Fencing partner: IT’S PRONOUNCED TOU- *I stab him*
Me (holding two sticks of butter): now where did i put that stick of butter? hmm i guess i didn’t get one out. hey kiddo could you grab a butter
My Son (also holding two sticks of butter): i just checked the fridge. we’re all out
urns are so stupid. when I die, I want my ashes on display in a mini aquarium
[first day in a new house]
Me: [walking around naked] nothing like the freedom of your own home
Ghost who intended to haunt me: goddamnit
A spider built a web across a rarely used toilet in my basement so occasionally I’ll flush it for him so maybe he thinks he over a series of picturesque mountain rapids
OK doomscrolling is bad but have you SEEN the quality of the doom this week?
Accidentally got two shots of hand sanitizer so if you need me I’ll be rubbing my hands together for the rest of my life.
[restaurant]
date: this chicken is a little dry
me: I think my burger‘s undercooked
waiter: how is everything
me: it’s great
date: so good
How come I need a complex, indecipherable password to get on Twitter but only a 4-digit number to remove all my money from an ATM?
I believe in you. But I also believe in aliens, big foot, and werewolves so don’t get too excited.
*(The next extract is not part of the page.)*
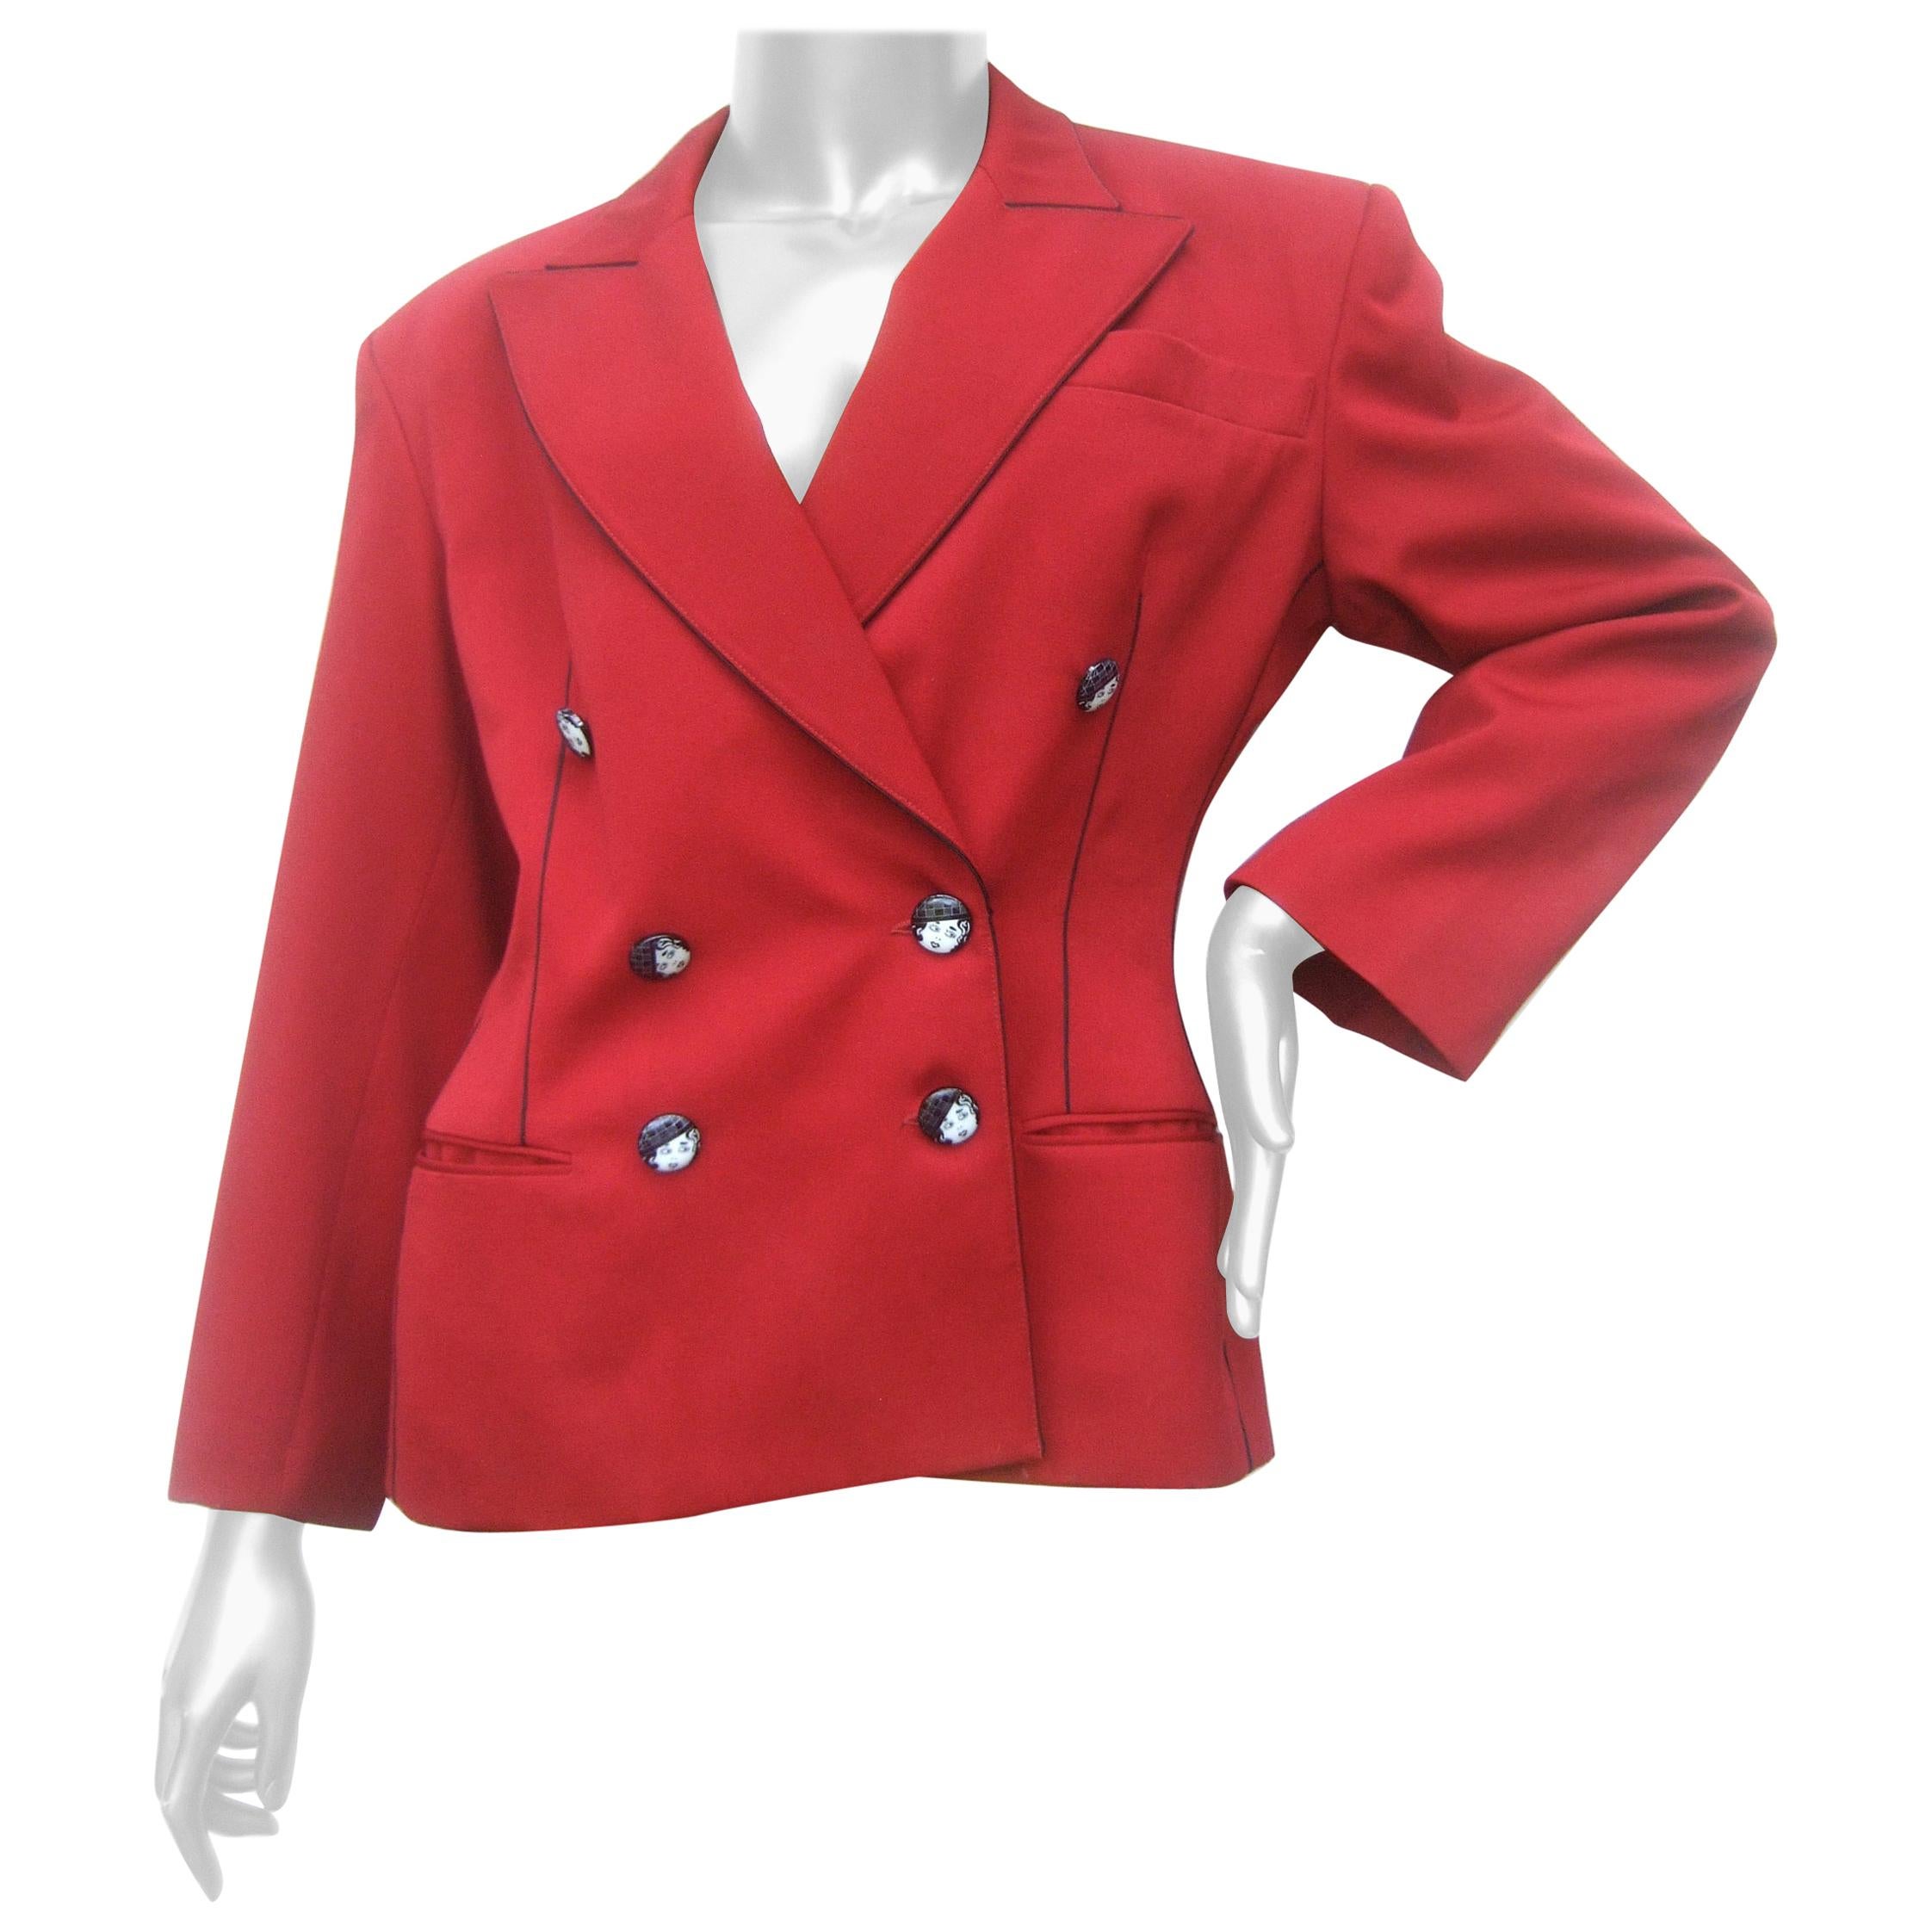 Lolita Lempicka Paris Red Wool Face Button Double-Breasted Blazer c 1980s

You’re 25, please stop saying back in the day.
[INT. STARBUCKS – DAY]
Me: Theres a large rat in the bathroom
Barista: ?
Me: A large rat
Barista: ?
Me: THERES A VENTI RAT IN THE BATHROOM
PER MY LAST EMAIL
Me: That was fun! Fist me!
Him: What?!
Me: Fist me!! *holds out knuckles*
Him: …..
If you ever want a bad date to end just say “you remind me of my mother.” If you REALLY want to sell it leave out the “my”
Does anyone remember the song by Sade about the guy who operated the smoothie machine?
First date: *puts entire onion ring in mouth* If yo’lik et ven yo’shoulla puh a wring owh it.
Cop: Know why I stopped you?
Me: Cuz you SMELLED THIS DONUT?
*tosses donut out window*
Cop: …
Me: Aren’t you gonna go get-
Cop: Get out.
If experience has taught me anything, I’ve forgotten what it was.